West et al. 10.1073/pnas.0507360102. |
Fig. 7. Evolutionary conservation and structure of the predicted LRRK2 promoter. Genomic sequence from chimp, dog, or rodent is aligned to the human LRRK2-predicted promoter region by using a genome alignment tool (http://genome.ucsc.edu/cgi-bin/hgGateway). Positions of transcription start sites as determined in human brain are indicated with an arrow. Consensus recognition sequences for the indicated selected transcription factor in the predicted LRRK2 promoter are overlined, as determined by MATINSPECTOR. Red nucleotides indicate LRRK2 protein coding sequence. An * in the dog genome indicates an unsequenced region of the genome.

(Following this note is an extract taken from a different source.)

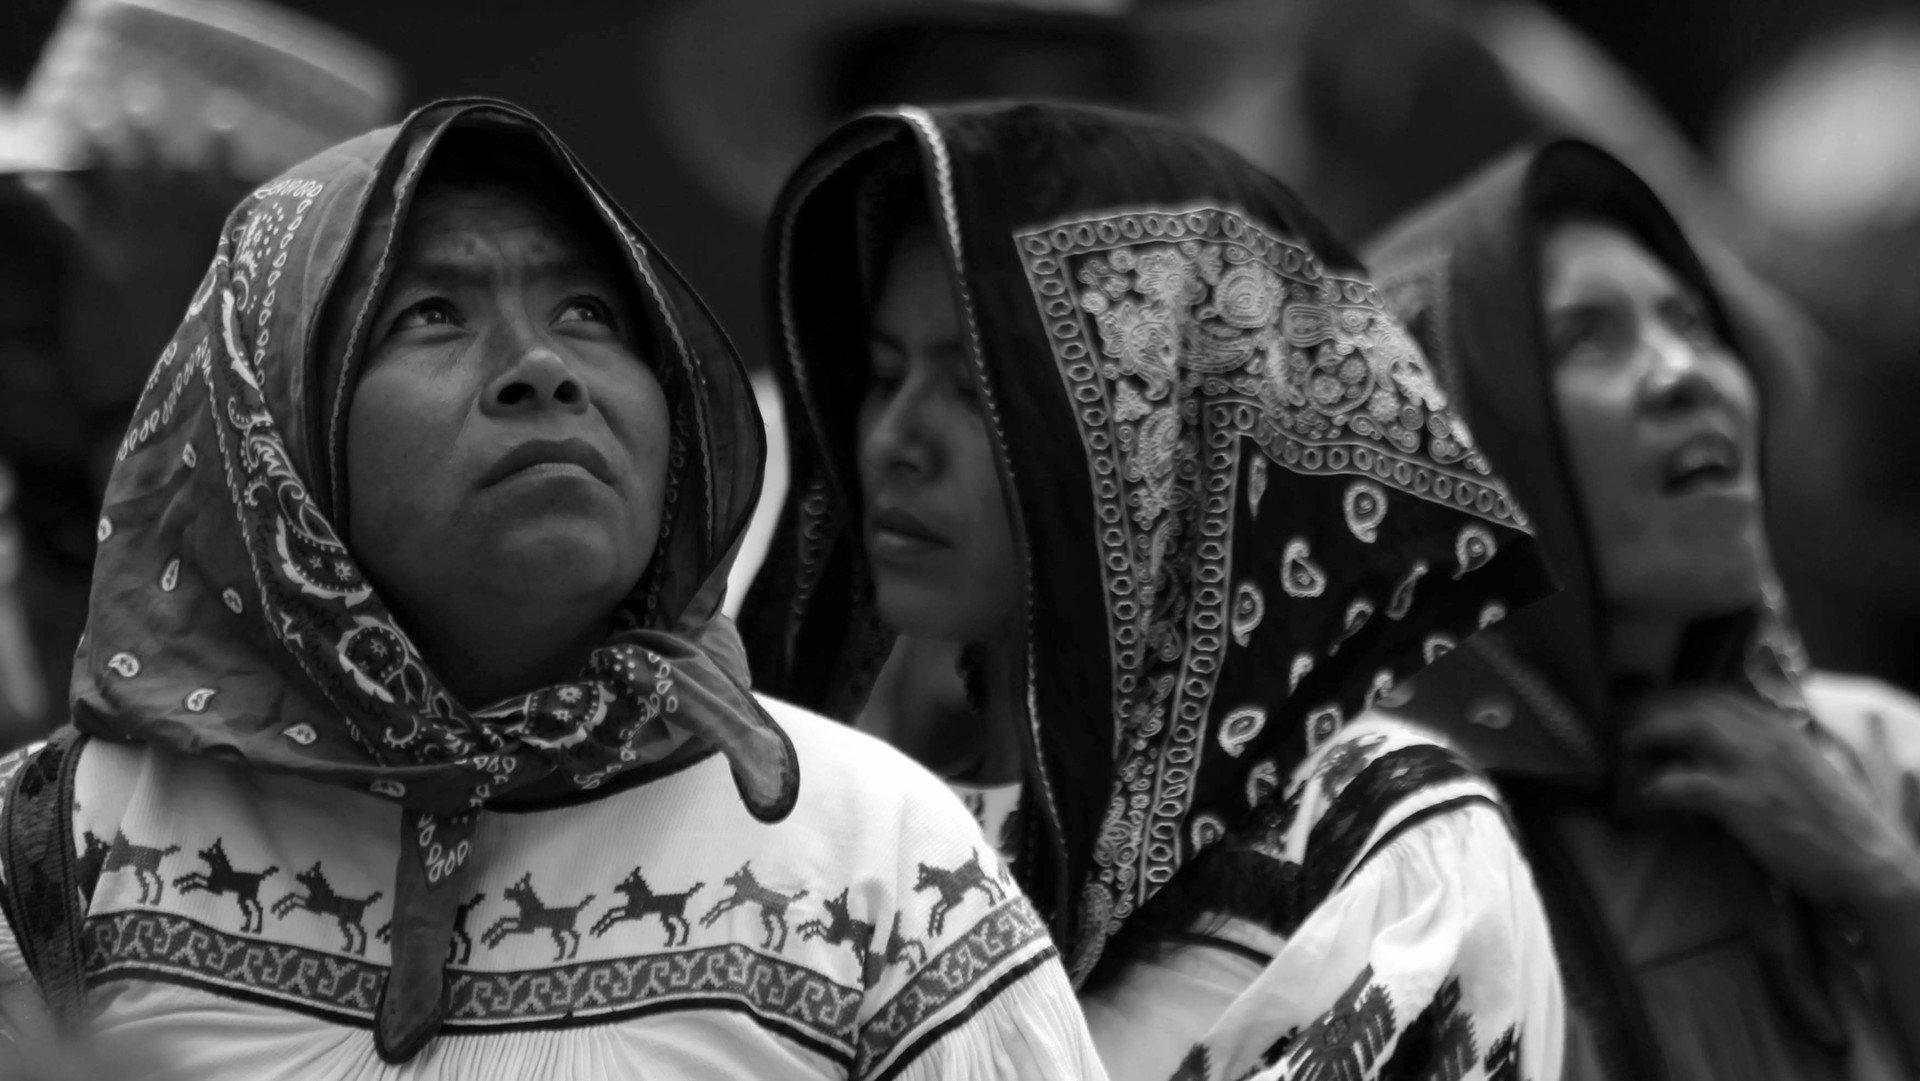 Indígenas en México y Perú (II): entre el miedo, los despojos y la criminalización
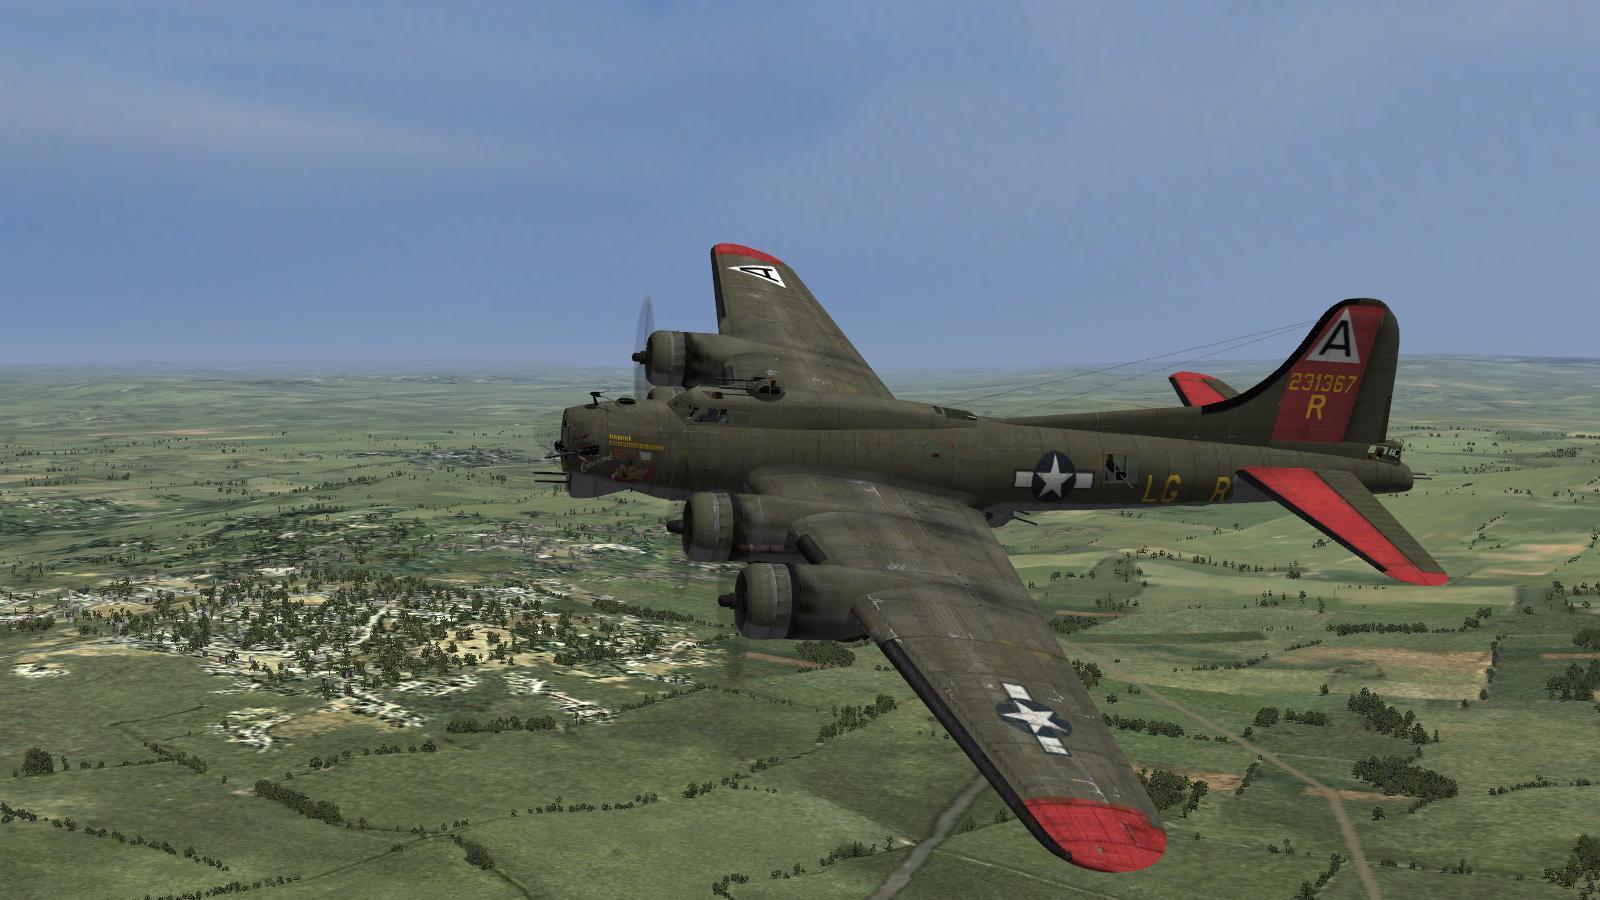 CFS3+ETO Expansion+July '16 DX9 mod - B-17G

Fig. 8. Optimization of LRRK2 kinase activity. In vitro kinase activity of recombinant WT LRRK2 derived from transfected HEK-293T cells was assessed by using myelin basic protein as substrate. Incorporated 32P in myelin basic protein was resolved by using SDS/PAGE and imaged on a Storm phosphorimager. All reactions contain equivalent amounts of recombinant LRRK2, radioisotope, and myelin basic protein. Buffer A contains 10 mM imidazole (pH 7.5), 10 mM b-glycerol phosphate, 1 mM EGTA, 20 mM MgCl2, and 0.1 mg/ml BSA. Buffer B contains 20 mM Mops (pH 7.4), 25 mM b-glycerol phosphate, 1 mM EGTA, and 1 mM dithiothreitol. Buffer C contains 20 mM Hepes (pH 7.4), 15 mM MgCl2, 5 mM EGTA, and 20 mM b-glycerol phosphate. Buffer D contains 50 mM Hepes (pH 7.4) and 20 mM MgCl2. Buffer E contains 20 mM Tris-HCl (pH 7.4), 10 mM b-glycerol phosphate, 5 mM MgCl2, 2 mM MnCl2, and 0.5 mM dithiothreitol.